If Peter Lynch is right, blue chip stocks are very cheap. Peter Lynch's mantra was that the most significant indicator of stock price performance over time was earnings growth. So I'm not so much waiting for the market to crash, but waiting for leadership to shift back to the more traditional sectors and shares. By that, I mean technology, health care, and some of the consumer stocks.

Is the stock market disconnected from the economy?

I don't agree with that. I think that the stock market hears the noise of economic trouble like the drone of a distant dump truck and will recognize the impending problem when the dump truck is immediately in front of them and blocking their path.

There are real problems facing the economy that Alan Greenspan remarked about in late February, when he said there was a 30% chance of recession. Investors hear the noise but seem to be able to ignore it for now.

This all highlights an environment wherein it's crucial to understand the financial workings of your investments, the health and stability of balance sheets, and the aptitude of corporate management.

Are you buying any stocks these days?

I'm always in buying mode. I can't find all that I'm excited to buy. I like everything I own. I'm forced to exhibit the patience of Job with a portfolio of stocks that are seeing wonderful earnings increases, whose management is executing exceptionally well, and whose share price is crawling.

Can you talk about a few stocks you like?

I should disclose that I hold them and I may buy more or sell them tomorrow. These are not recommendations to buy or sell.

I continue to really like General Electric (GE). The stock is trading at 15.75 times earnings, which is below the average for the S&P. I believe they will continue to grow earnings in the 11% area, and they have a 3.3% dividend. Jeff Immelt has sold off the nonperforming divisions. He is an outstanding manager who is not getting anywhere near enough credit for what I think is real managerial excellence. And he's executing very well.

Johnson & Johnson (JNJ) is trading at 16 times earnings. It's growing earnings around 10% a year with a 2.5% dividend yield. They just bought a bunch of brand names from Pfizer like Visine, Listerine, Rolaids, and Sudafed. They have a medical-device business that's strong. They're a well-diversified, well-run company, doing a good job with their business plan, and their stock price really hasn't moved.

SRA International (SRX) is an IT contractor to the government. These guys aren't just geeks; they're geeks with top-level security clearance. That's a big deal because post-9/11 it takes a lot to get top security clearance. Homeland Security, the CIA, FBI, and NSA need systems for security. And the people with clearance to work on these systems [are] growing at a much slower rate than the need.
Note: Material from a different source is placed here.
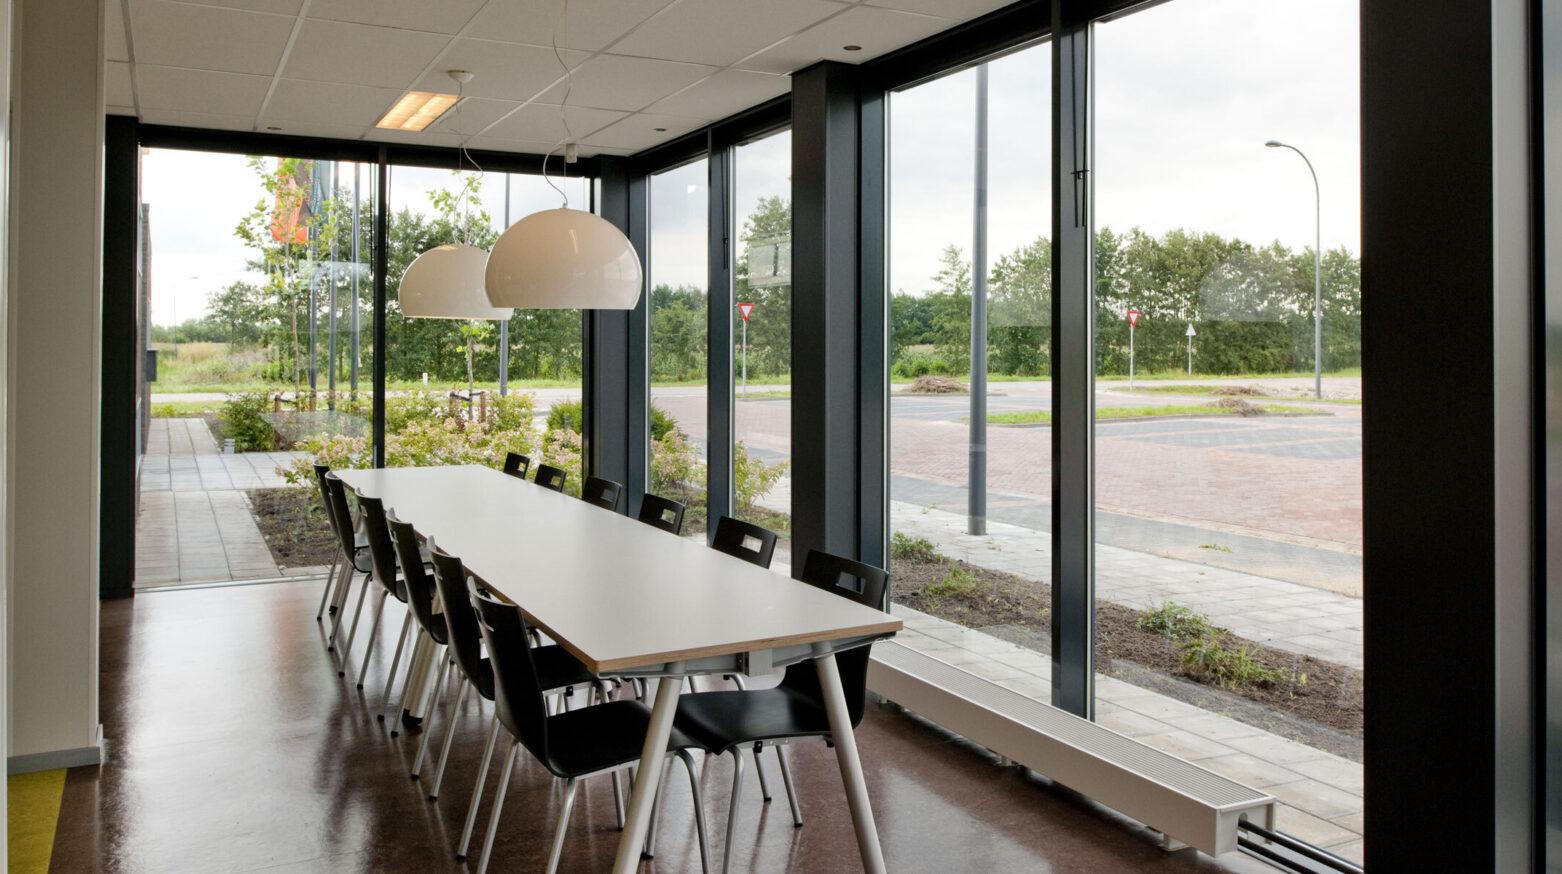 Willem van oranje college waalwijk 06
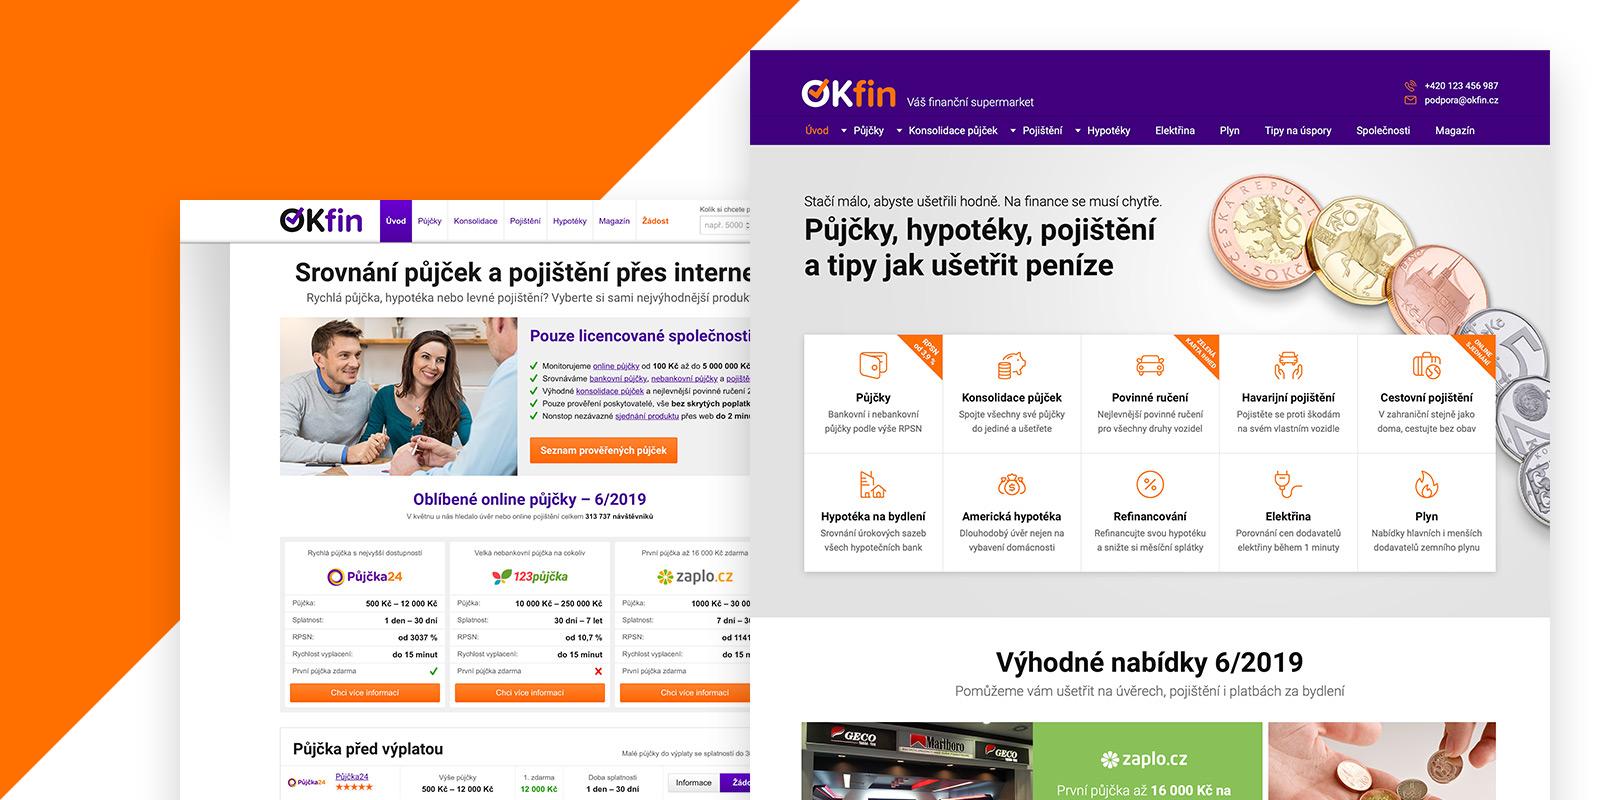 Portál OKfin.cz prošel po 5 letech kompletním redesignem. Co všechno je nové?

So it's supply-demand, and prices are going up.

I think SRA is a very strong operator. The stock has come off its lows and looks cheap. It's around $24.68 today, down from $33 a year ago. With Congress imposing budget restraints on military activities, there is concern about government contractors getting paid in a timely manner. I think these concerns have created an opportunity.

What worries you the most?

I think the consumer will get stung by the real estate market as it continues to devolve. I think that the consumer is already getting stung by higher energy prices. The U.S. savings rate is negative.

With $1 trillion in ARMs [adjustable-rate mortgages] adjusting this year, and people spending more to heat and cool their homes and to drive and on groceries, these people are going to get pinched. The consumer is two-thirds of the economy, and it's tough to see the economy going ahead with two-thirds of it stalled. I think that the housing correction will extend and move lower than people think. This kind of trend always goes longer and deeper than anyone expects.